In a similar manner, (intern AI-str) will create a symbol with its printname "AI".

(set (intern AI-str) "love")

Conversion functions for different character codes and Roman-ji representation are provided.

romkan romanji-str [function]

: Roman-ji representation is converted into EUC coded Japanese. Numbers are converted into pronunciation in hiragana.

romanji kana-str [function]

: kana-str which represents Japanese in hiragana or in katakana coded in EUC is converted into a roman-ji representation. English alphabets and numbers are unchanged.

sjis2euc kana-str [function]

: kana-str coded in shift-jis is converted into EUC.

euc2sjis kana-str [function]

: kana-str coded in EUC is converted into shift-JIS.

jis2euc kana-str [function]

: kana-str coded in EUC is converted into JIS coding, which enters kana mode by ESC\$B and exits by ESC(J. Note that there is no euc2jis function is provided yet.

kana-date time [function]

: time is converted a Japanese date pronunciation represented in roman-ji. The default time is the current time.

kana-date time [function]

: time is converted a Japanese time pronunciation represented in roman-ji. The default time is the current time.

hira2kata hiragana-str [function]

: hiragana-str is converted into katakana representation.

kata2hira katakana-str [function]

: katakana-str is converted into hiragana representation.
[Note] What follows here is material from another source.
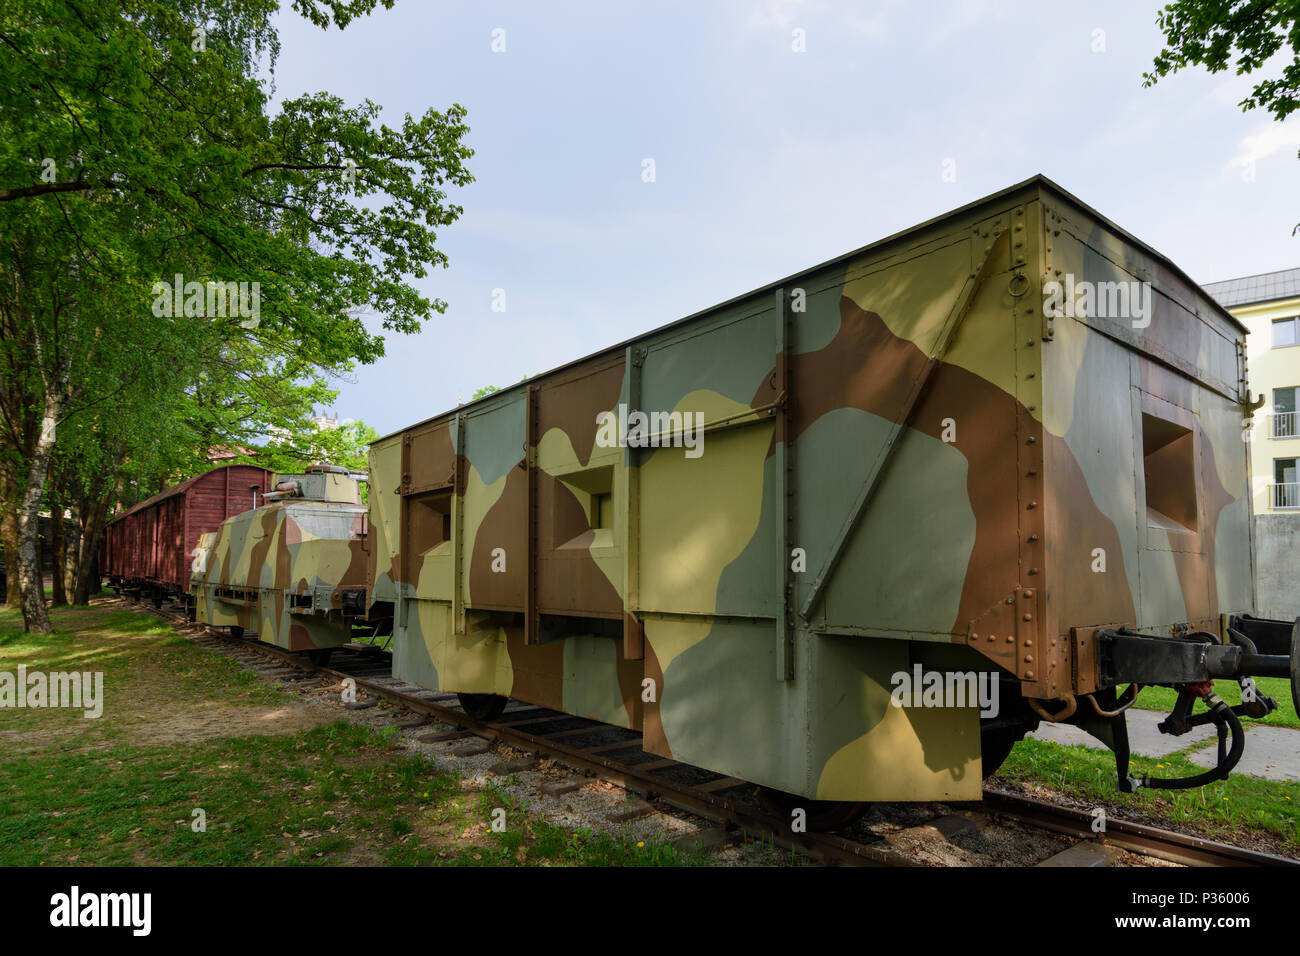 Banska Bystrica (Neusohl): museum at the Memorial of the Slovak National Uprising, open-air exhibition of World War II armored train in Slovakia, , Stock Photo

ICONV - Character Code Conversion

ICONV is a set of the gnu standard library functions for character code conversion. The interface is programmed in eus/lib/clib/charconv.c.

iconv-open to-code from-code [function]

: returns a descriptor for converting characters from from-code to to-code.

Regular Expression

regmatch regpat string [function]

searches for an occurence of a regular expression, regpat in string. If found, a list of the starting index and the ending index of the found pattern is returned. example; (regmatch "ca[ad]+r" "any string ...") will look for cadr, caar, cadadr ... in the second argument.

Base64 encoding

Base64 is an encoding scheme to represent binary data using only printable graphic characters. The scheme is applied to uuencode/uudecode. The following functions are defined in lib/llib/base64.l.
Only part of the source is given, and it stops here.